### Exercise requirements
The data below is to be transcribed word for word; pictures are to be excluded.

### Recorded information

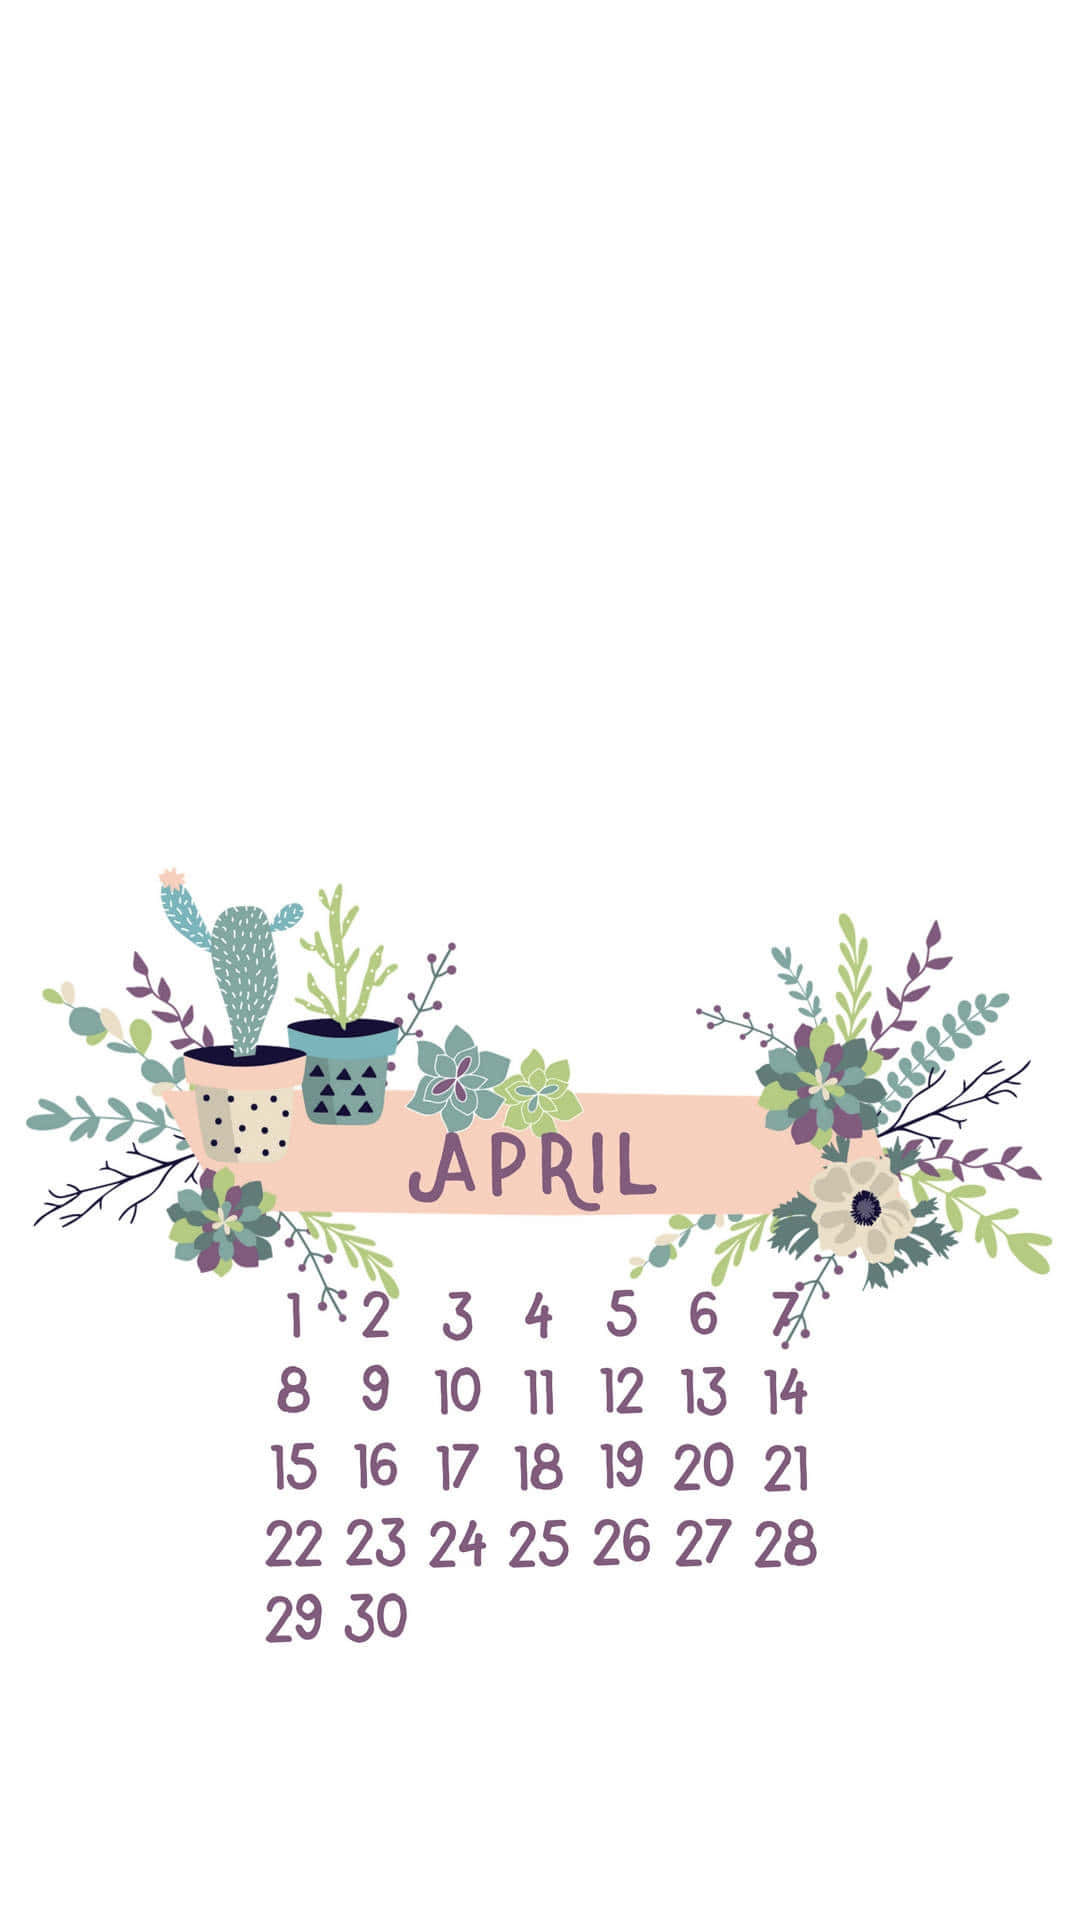 April Calendar Floral Design Wallpaper
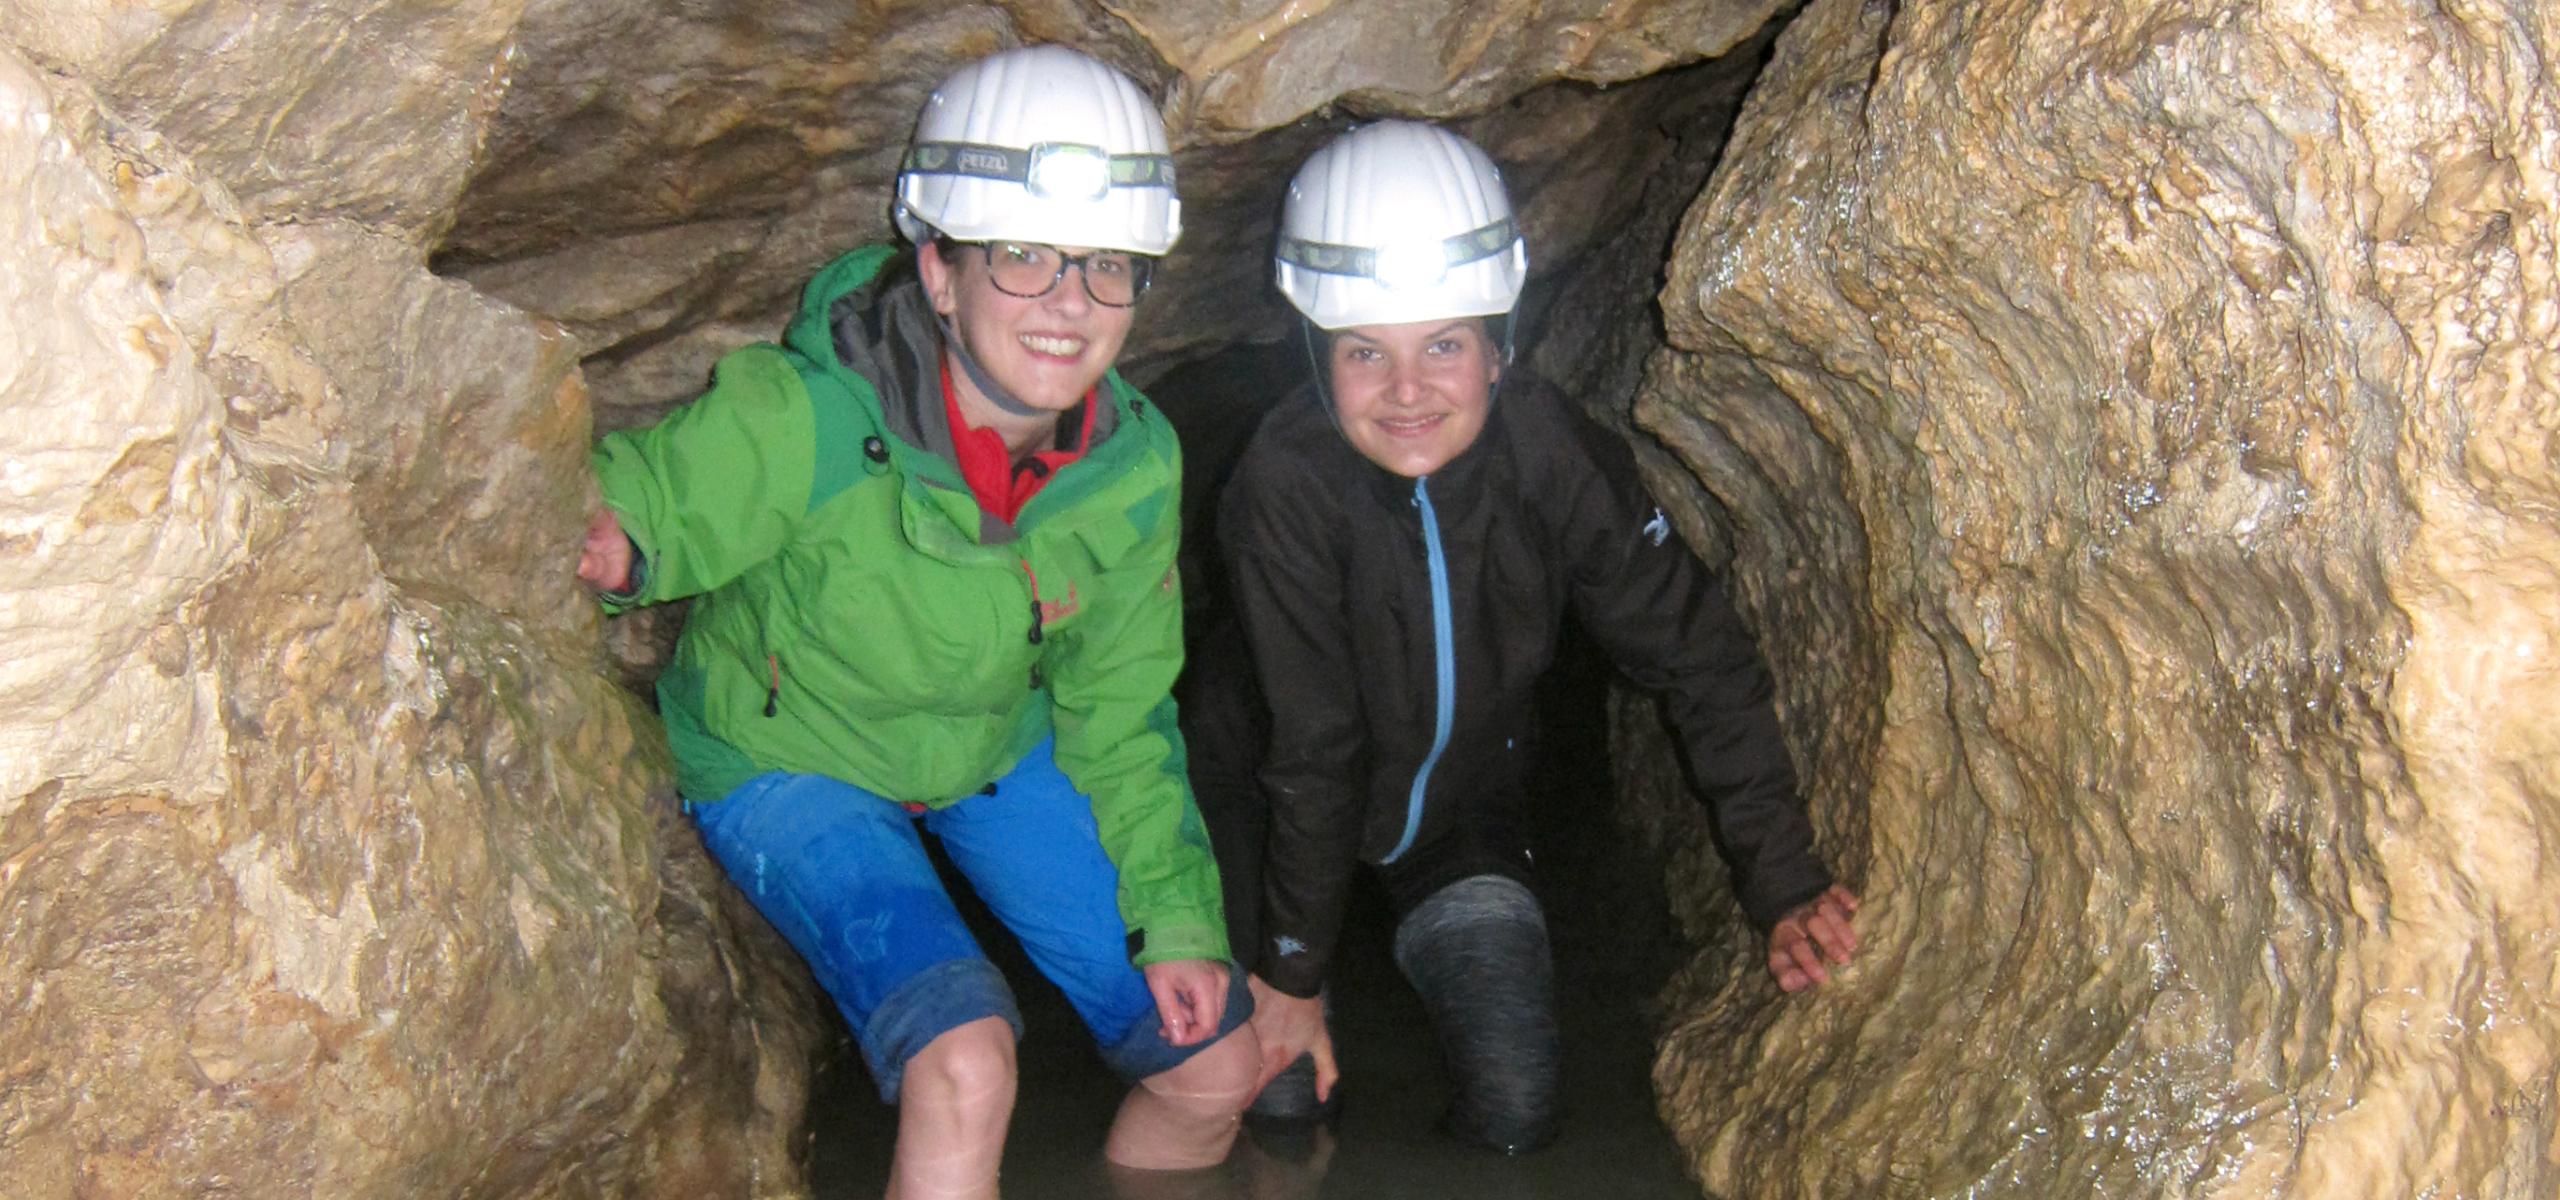 Zwei Kinder waten in einem Höhlengang knietief durchs Wasser
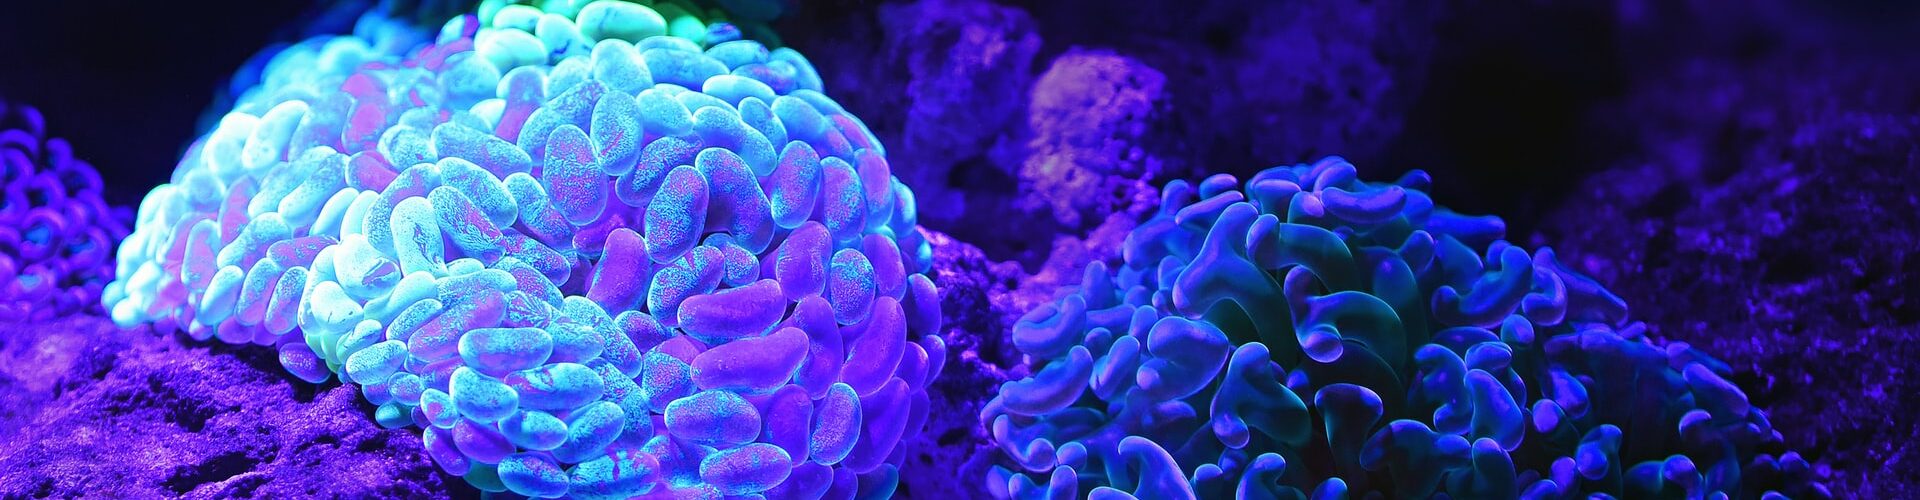 imagem destacada - corais que parecem cérebro
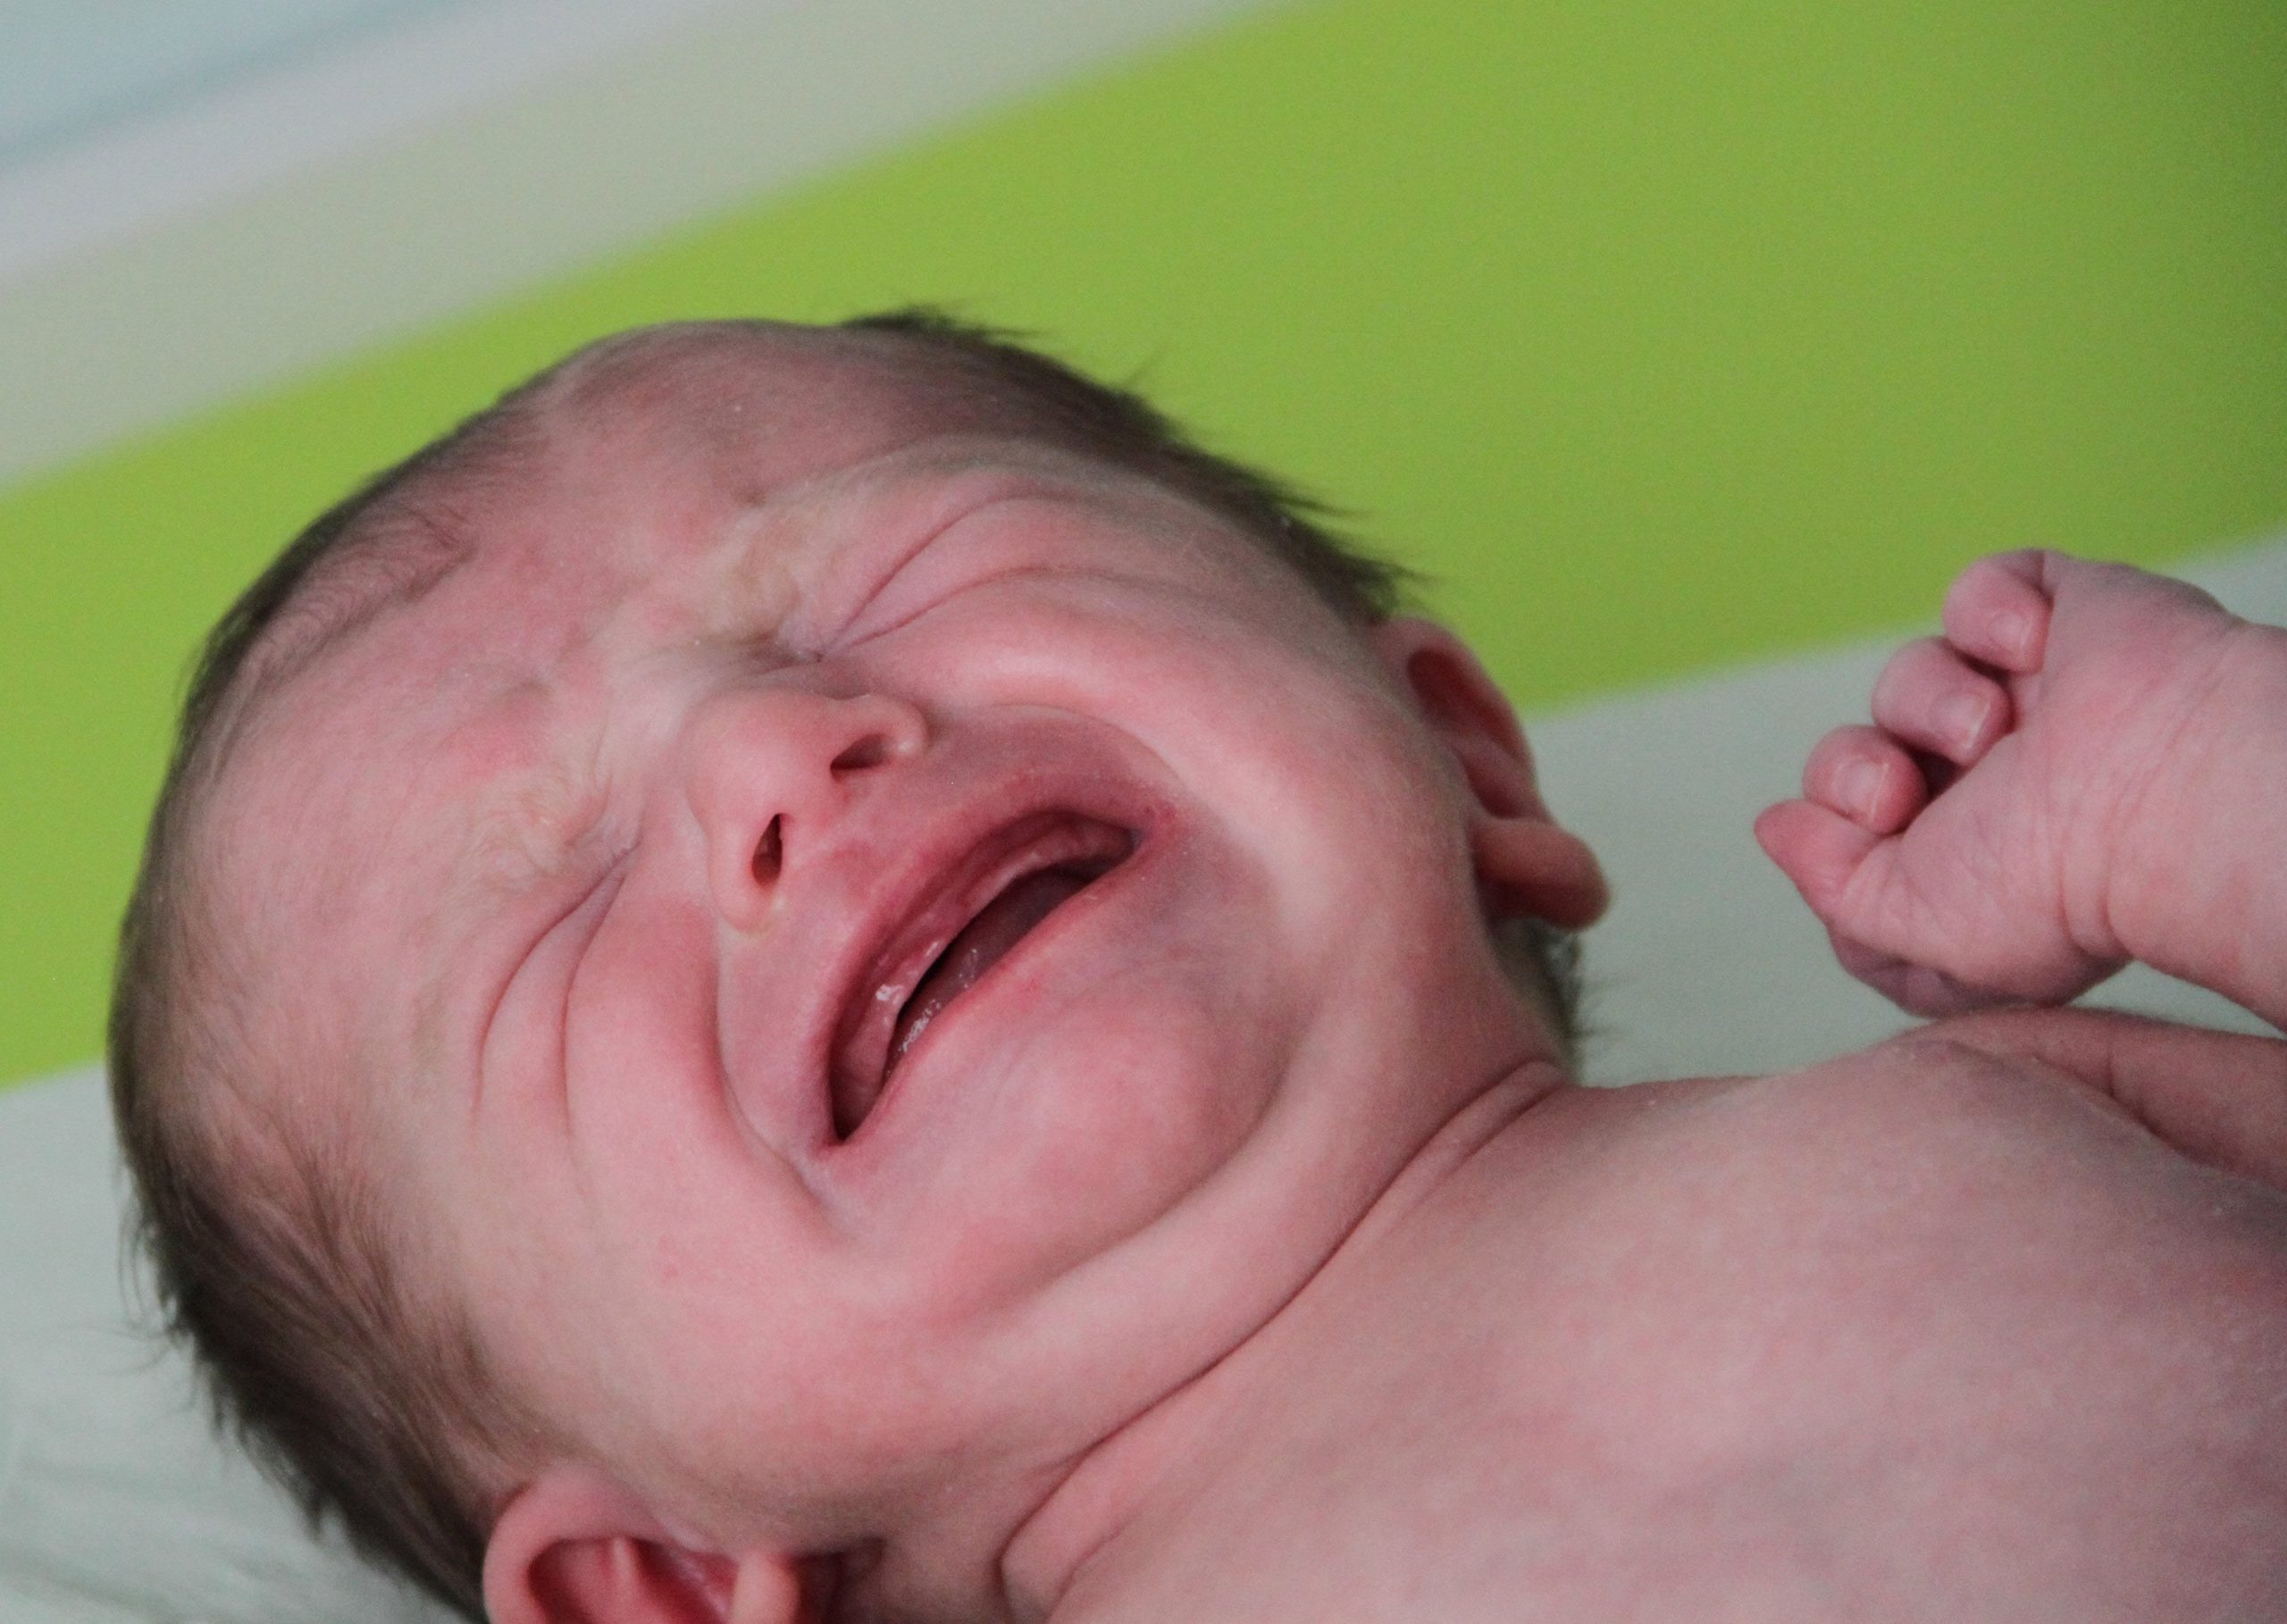 Pourquoi les bébés pleurent-ils souvent ?

### Solution for this task
 April Calendar Floral Design Wallpaper
 Zwei Kinder waten in einem Höhlengang knietief durchs Wasser
 imagem destacada - corais que parecem cérebro
 Pourquoi les bébés pleurent-ils souvent ?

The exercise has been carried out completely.